Deconstruction “I used to think of my body as an instrument, of pleasure, or a means of transportation, or an implement for the accomplishment of my will... Now the flesh arranges itself differently. I’m a cloud, congealed around a central object, the shape of a pear, which is hard and more real than I am and glows red within its translucent wrapping” This passage is from Chapter 13, when Offred sits in the bath, naked, and contrasts the way she used to think about her body to the way she thinks about it now. Before, her body was an instrument, an extension of her self; now, her self no longer matters, and her body is only important because of its “central object,” her womb, which can bear a child. Offred’s musings show that s he has internalized Gilead’s attitude toward women, which treats them not as individuals but as objects important only for the children that they can bear.
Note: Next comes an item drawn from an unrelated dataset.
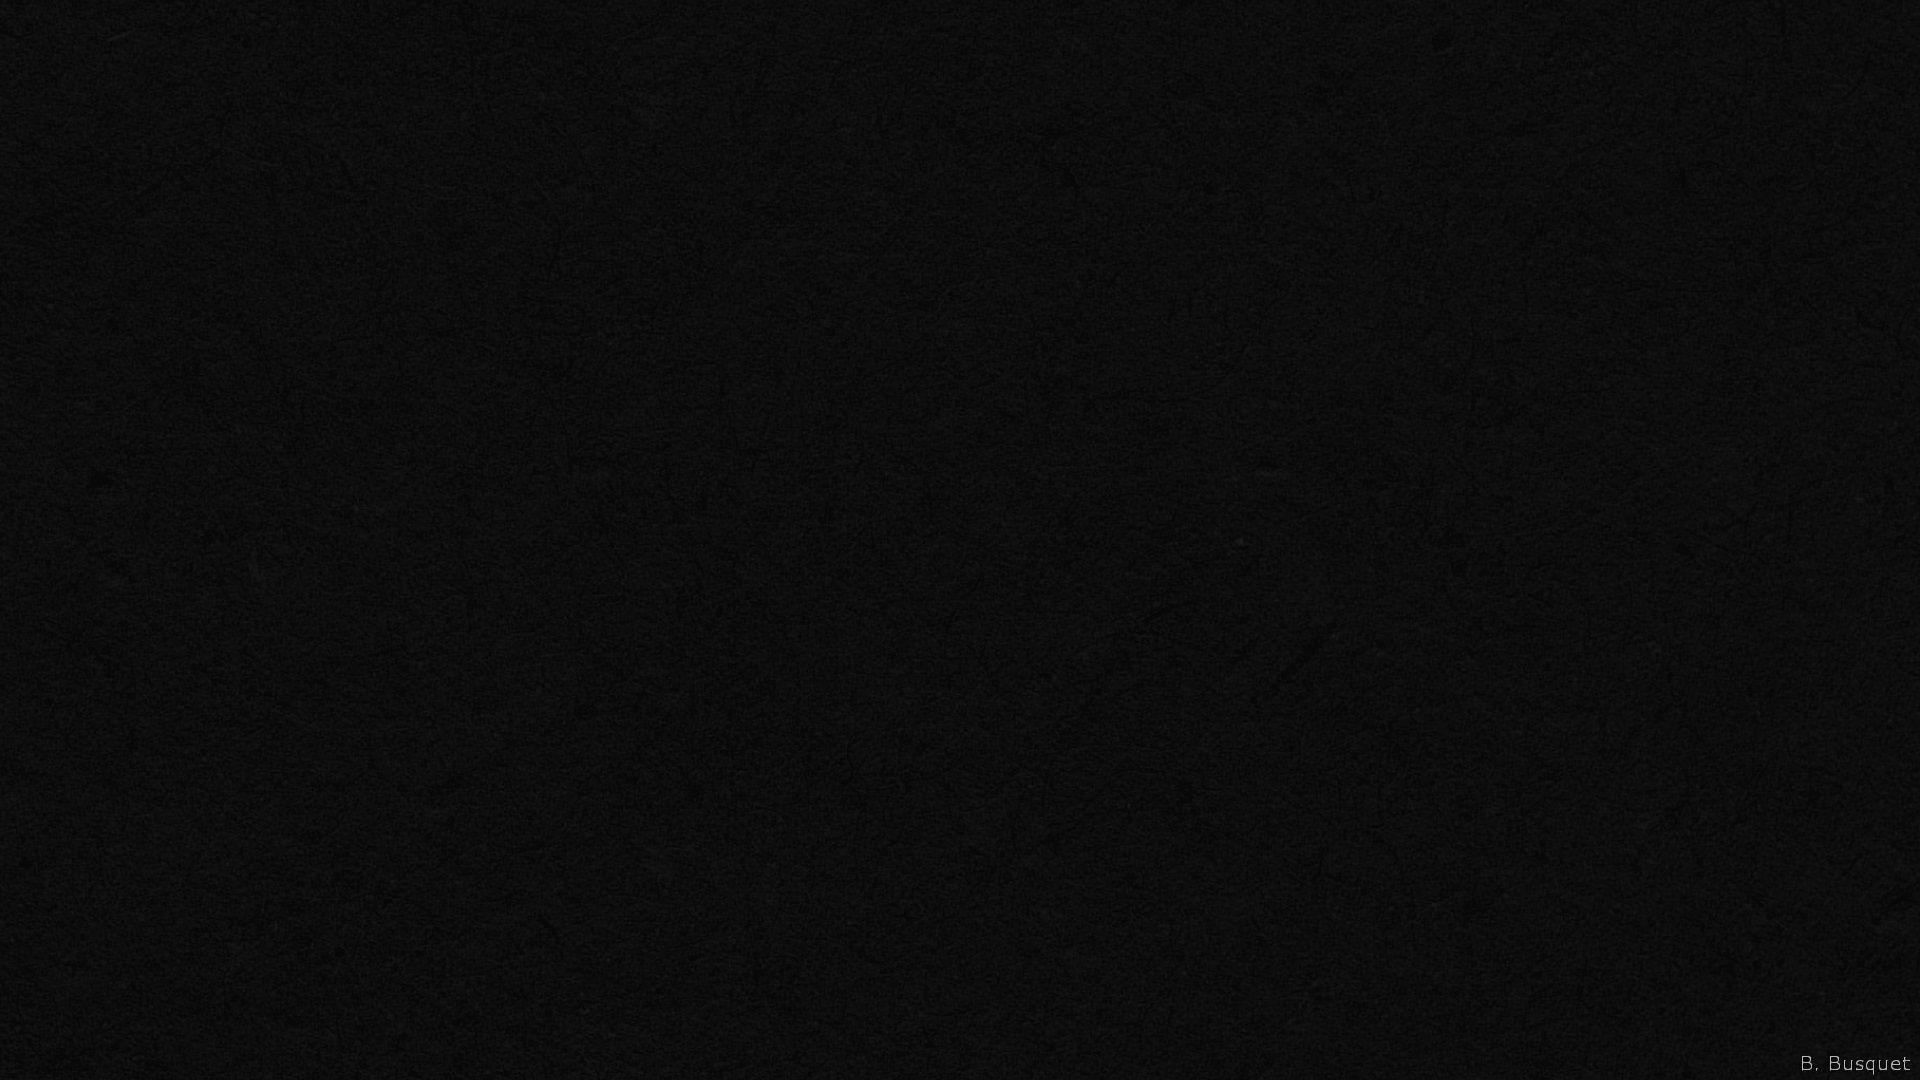 صور سوداء سادة 2

Women’s wombs are a “national resource,” the state insists, using language that dehumanizes women and reduces them to, as Offred puts it, “a cloud, congealed around a central object, which is hard and more real than I am.”
Let’s Deconstruct together “The chances are one in four, we learned that at the centre. The air got too full, once, of chemicals, rays, radiation, the water swarmed with toxic molecules, all of that takes years to clean up, and meanwhile they creep into your body, camp out in your fatty cells. Who knows your very flesh may be polluted, dirty as an oily beach, sure death to shore birds and unborn babies. Maybe a vulture would die of eating you. Maybe you light up in the dark, like an old fashioned watch. Deathwatch. That’s a kind of beetle, it buries carrion.” Page 106, Chapter 19.
Your Turn “I sit in my chair, the wreath on the ceiling floating above my head, like a frozen halo, a zero. A whole in space where a star exploded. A ring, on water, where a stone’s been thrown. All things white and circular. I wait for the day to unroll, for the earth to turn, according to the round face of the implacable clock. The geometrical days, which go around and around smoothly oiled. Sweat already on my upper lip, I await the arrival of the inevitable egg, which will be lukewarm like the room and will have a green film on the yolk and will taste faintly of sulphur.” p. 188, Chapter 12.